Today I got my hair cut supershort because it's all been falling out. That's what it does when I'm in pain. It looks much fuller--like anyone else's--when it's short and very layered. The bald spots definitely don't show. My hair is very curly, so the shorter it is the more springy it is, easier to hide those bald spots. A lot of it had fallen out last fall, but I'd had a lot of new fuzzy growth that had been coming back in and made my hair a little wild--until that fell out again too with the surgery. Hair from pain loss isn't permanent. It can grow back in again.
I always get it cut short when it starts falling out. Why pull down the follicle with more weight? A lot of people don't like it this way, I can tell. They don't know why I make such changes. They don't realize how many decisions are made on the basis of a disability. What if it were because it's easier and it pains me to reach and my husband's no good at styling it? That's why a couple of women I know with disabilities go with shorter hair. Others stay with longer hair because it's part of their style and their individual trademark. I wish others would show some support.

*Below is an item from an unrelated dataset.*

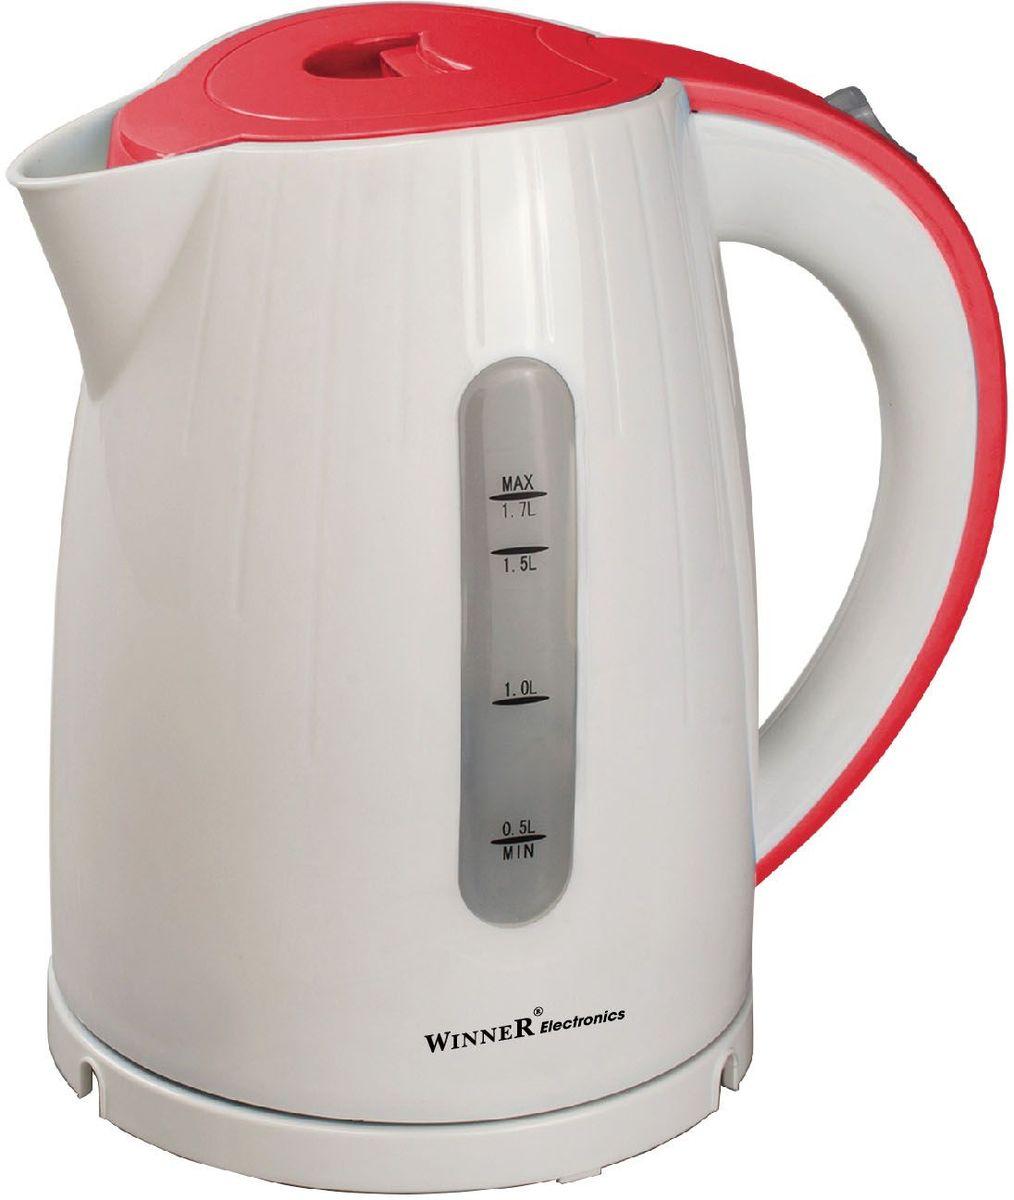 Winner Electronics WR-133 электрический чайник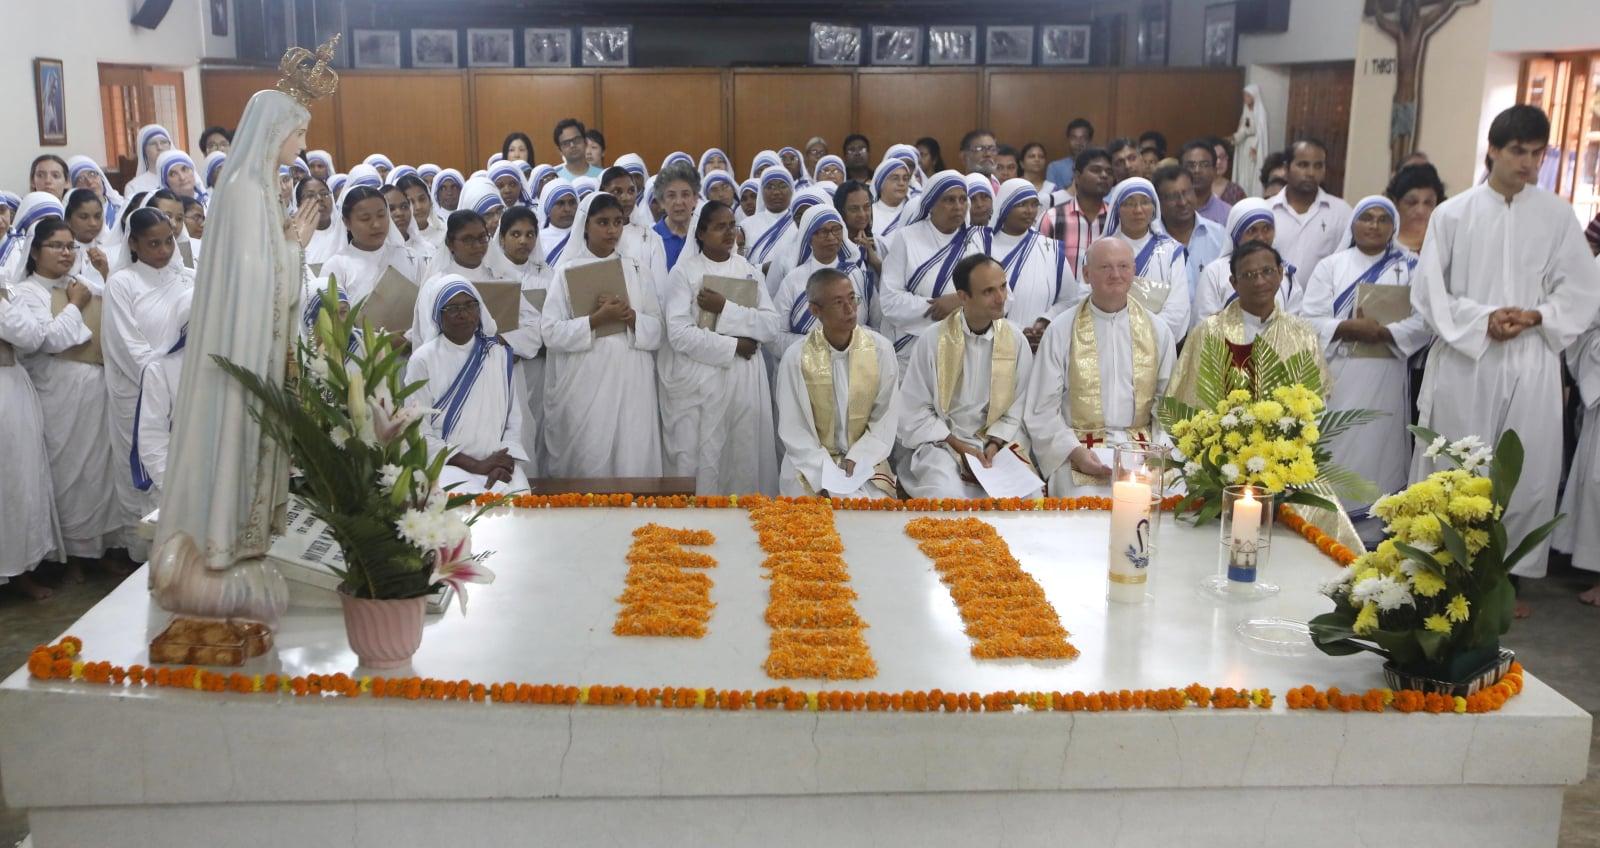 108. urodziny Matki Teresy z Kalkuty EPA/STR

I'm glad that I had a lot of hair to start with. My sister and others say they notice a difference but that people who didn't know me well wouldn't know. And now they definitely won't know.
I don't quite like it being supershort since I can't pull it back but I do like it looking as if I have adequate hair! My husband, who's been looking at the shower drain in horror, said if I lose more I can get a wig. Gack, that would be too hot and expensive.
I feel more confident this way. At times it's been severe enough in spots that I've been terribly embarrassed but mostly been able to hide it.
The arthritis pain after that hurricane-eye respite is back with a venegeance and I'm looking for something--anything--to help with it. I will try cherry juice concentrate and bromelain tablets and see if that cuts the edge off it at all (antiinflammatory effect), or I may go to the big gun pharmaceuticals. I've already been eating foods with more sulfur content (that's what's in Celebrex, which I'm allergic to). Can't deal when pain meds don't cut the pain enough. I have arthritis in the base of my left thumb now, and I've not been doing anything to overuse it and my knee and heel and hip and upper spine/shoulder hurt too, and this time it's both SI joints, not just the left one. What is it about late summer that always gives me these flares?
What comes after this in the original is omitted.